Le matin du 18 mai, pas question de dormir un peu, de récupérer après cette nuit mouvementée : le bataillon reçoit l’ordre de quitter d’urgence Écaussines, sous la pression de l’ennemi qui vient d’y pénétrer. « La ville il y a trois jours si animée et coquette avait complètement changé d’aspect […]. Elle était vide, morte […] : les portes enfoncées, des hardes éparses traînant jusque sur les trottoirs. » Une seule halte d’une heure vers midi. « Nous n’avions pas dormi ; la fatigue se faisait lentement sentir […], avec l’appui brûlant du soleil ». Les uns s’emparent d’un vélo, les autres d’une carriole ou d’un cheval. Au cours de l’après-midi, ils traversent Mons, dont « il ne restait que des ruines fumantes ». Au soir, ils ne sont pas encore arrivés. « Toute la nuit, je marchais dans un rêve. Enfin, au jour, nous passions la frontière, nous étions chez nous, à l’abri nous semblait-il ». Ils gagnent Denain (Nord) : 80 km en deux jours, dans ces conditions, c’est presque incroyable.
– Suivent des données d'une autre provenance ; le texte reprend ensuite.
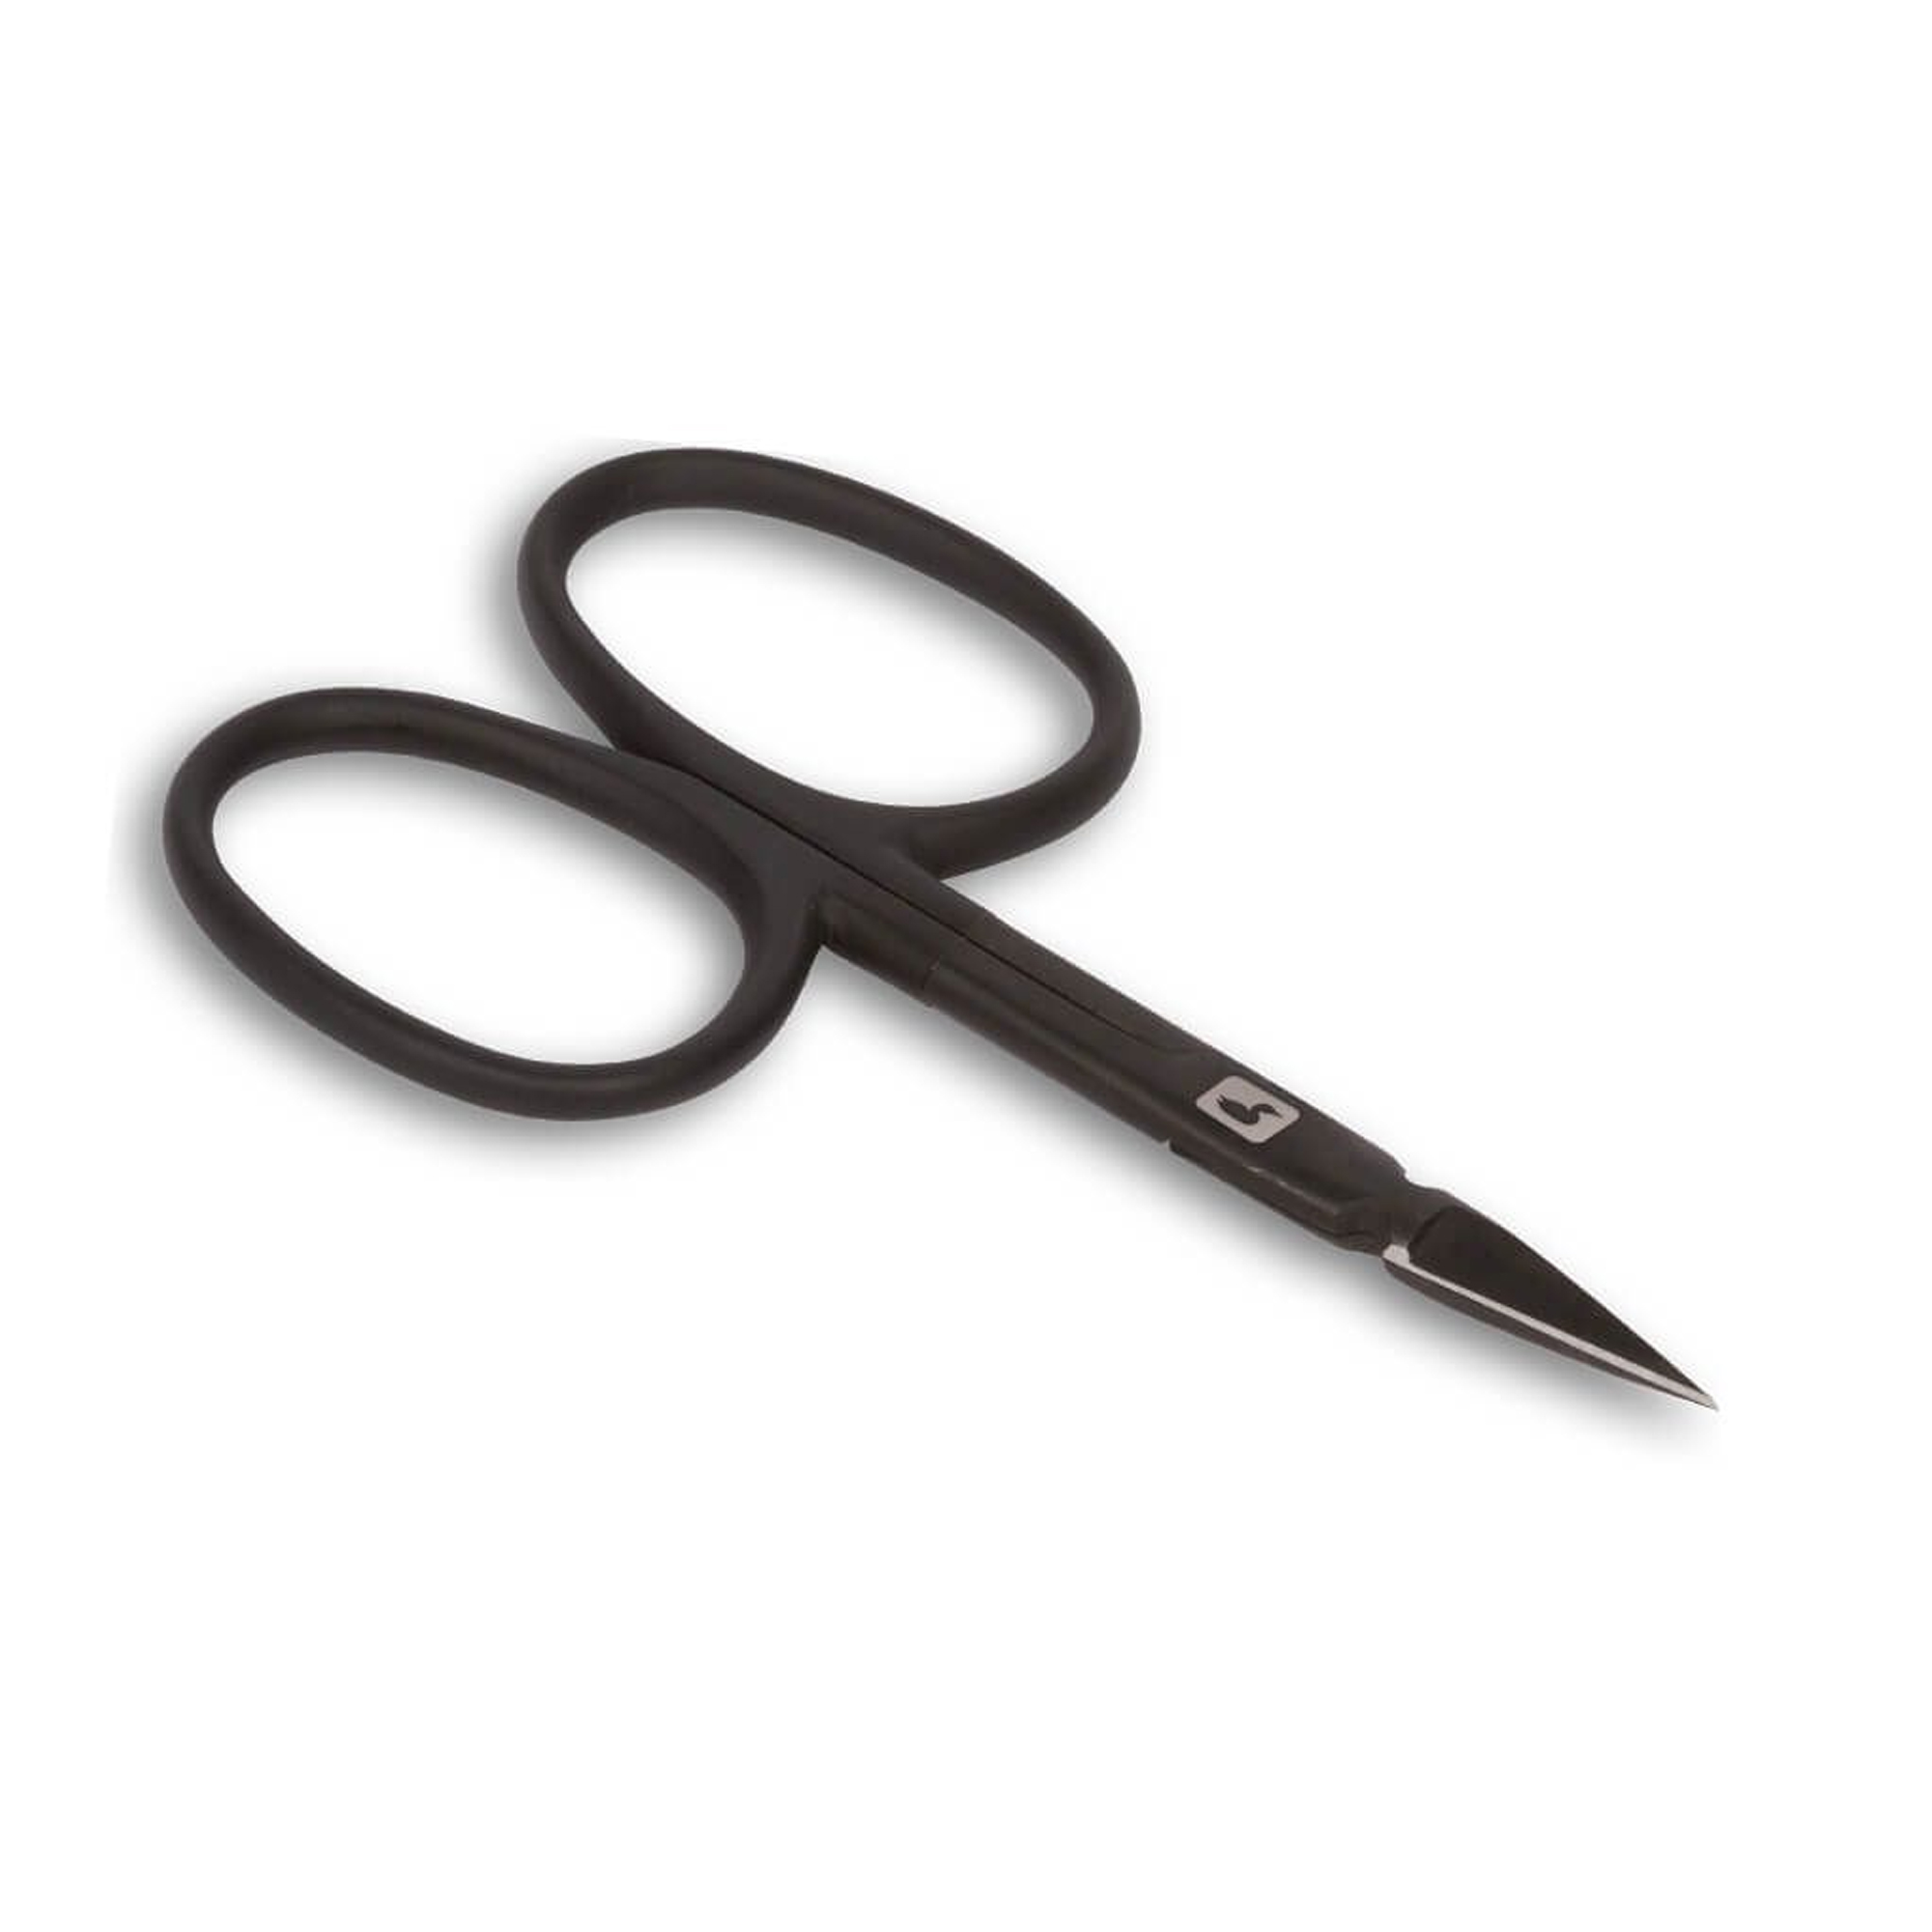 Loon Arrow Point Scissors

Sur le territoire français, de vains espoirs de rétablissement
Le 19 mai au soir, il note : « Il va de nouveau falloir se battre […]. Je ne pensais pas que l’ennemi soit si proche ». On affecte ses mitrailleuses à la garde d’un petit pont. La ville s’est vidée de ses habitants. Les hommes de sa section peuvent se reposer à tour de rôle dans une maison abandonnée. On leur signale que 5 chars ennemis se sont infiltrés, mais sans infanterie. Ce qui étonne le sergent, c’est d’abord qu’ils aient pu parvenir en si peu de temps jusqu’à leur secteur ; mais aussi qu’au réveil, le 20 mai, après une nuit très calme, « on fasse sauter les ponts pour cinq chars égarés », et qu’on leur fasse reprendre la route, en direction sud-ouest, « au milieu de colonnes de militaires mêlés aux civils, de véhicules hétéroclites, de voitures chargées à craquer le long des routes dont les fossés s’encombraient des bagages trop lourds ». Cela sent la déroute. « Le bataillon est maintenant commandé par un capitaine (le commandant ayant disparu), un député très jeune […]. J’ai confiance en lui. » Ce capitaine, il le précise plus loin est Roger Lefèvre, qui a laissé lui aussi sur juin 40 un copieux témoignage (très littéraire), Raz-de-Marée. Au moment de partir, Lefèvre « s’aperçoit qu’on lui a volé sa capote avec tous ses documents … et son carnet de notes », où il consignait au fur et à mesure tout ce qui se passait.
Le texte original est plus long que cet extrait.